Science is moving at warp speed to understand COVID-19, and artificial intelligence will be a valuable tool to make sense of it all — up to a point — Axios reported.
The coronavirus pandemic has led to an unprecedented wave of scientific publications, but without better tools to pick out meaningful research, it is easy to miss the science that matters — or be misled by findings that turn out to be wrong, author Bryan Walsh wrote for Axios.
According to the COVID-19 Primer, a public dashboard created by the machine-learning company Primer AI, researchers had published 27,569 papers about COVID-19 as of June 17, Walsh reported.
Of those, 21,000 went through the scientific peer review process, meaning experts in the field have examined the publications; 6,569 are so-called preprint papers — put out before the peer review process, he reported.
"The volume is so great that what's being published on COVID is equal to all the other research that is usually being put on infectious disease as a whole," Uri Blackman, CEO of Gideon Informatics, told Axios.
That is where machine-learning tools come in, Walsh reported.
Current AI cannot understand a scientific paper in the way a trained human being can, but can categorize and order it in a way that reveals useful patterns much quicker than humans, he wrote.
The COVID-19 Primer takes in news articles and social media interactions that reference papers and their authors, which allows a user to quickly see which papers are getting the most attention from experts and average people alike, Walsh noted.
But the COVID-19 Primer and similar tools cannot tell you the value of any individual paper, just how it is being received in the news and on social media, Walsh wrote.

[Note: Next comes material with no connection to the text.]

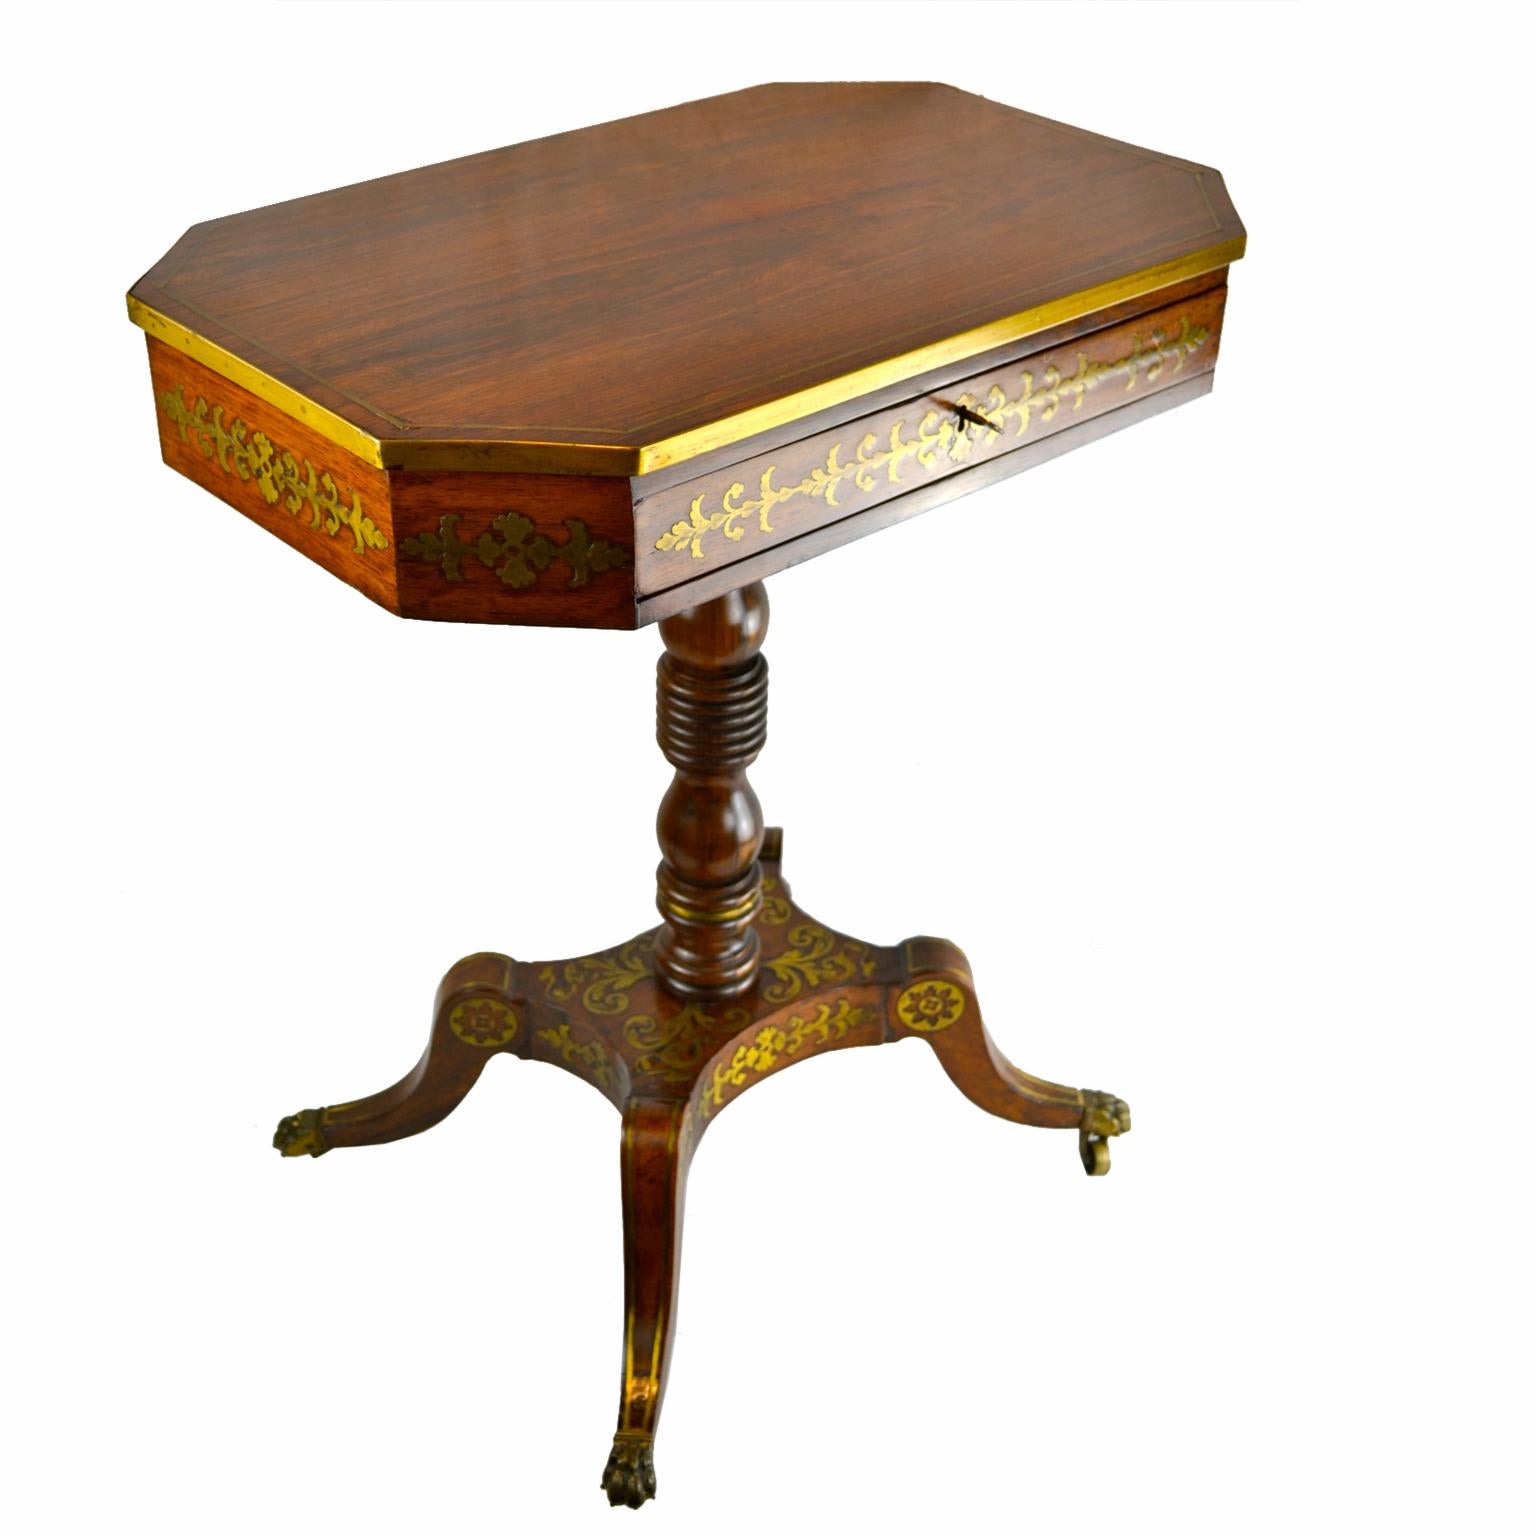 An English Regency rosewood table of the highest quality with the trademark inset brass decoration. The octagonal top is framed in brass over a richly decorated apron with a drawer to one side; the top is supported on a turned column attached to a

"The most shared papers are the most controversial ones," according to Amy Heineike of Prime AI, Axios reported.
She told Wash the second-most-shared paper since the start of the outbreak was a preprint publication from the end of January arguing the novel coronavirus appeared to contain genes from the HIV virus, with the implication the virus was deliberately engineered.
The paper — which was not peer reviewed — was refuted by experts and withdrawn by its authors a few days after it was posted. But 20% of the tweets about it were posted in the days and weeks after its withdrawal, Walsh reported.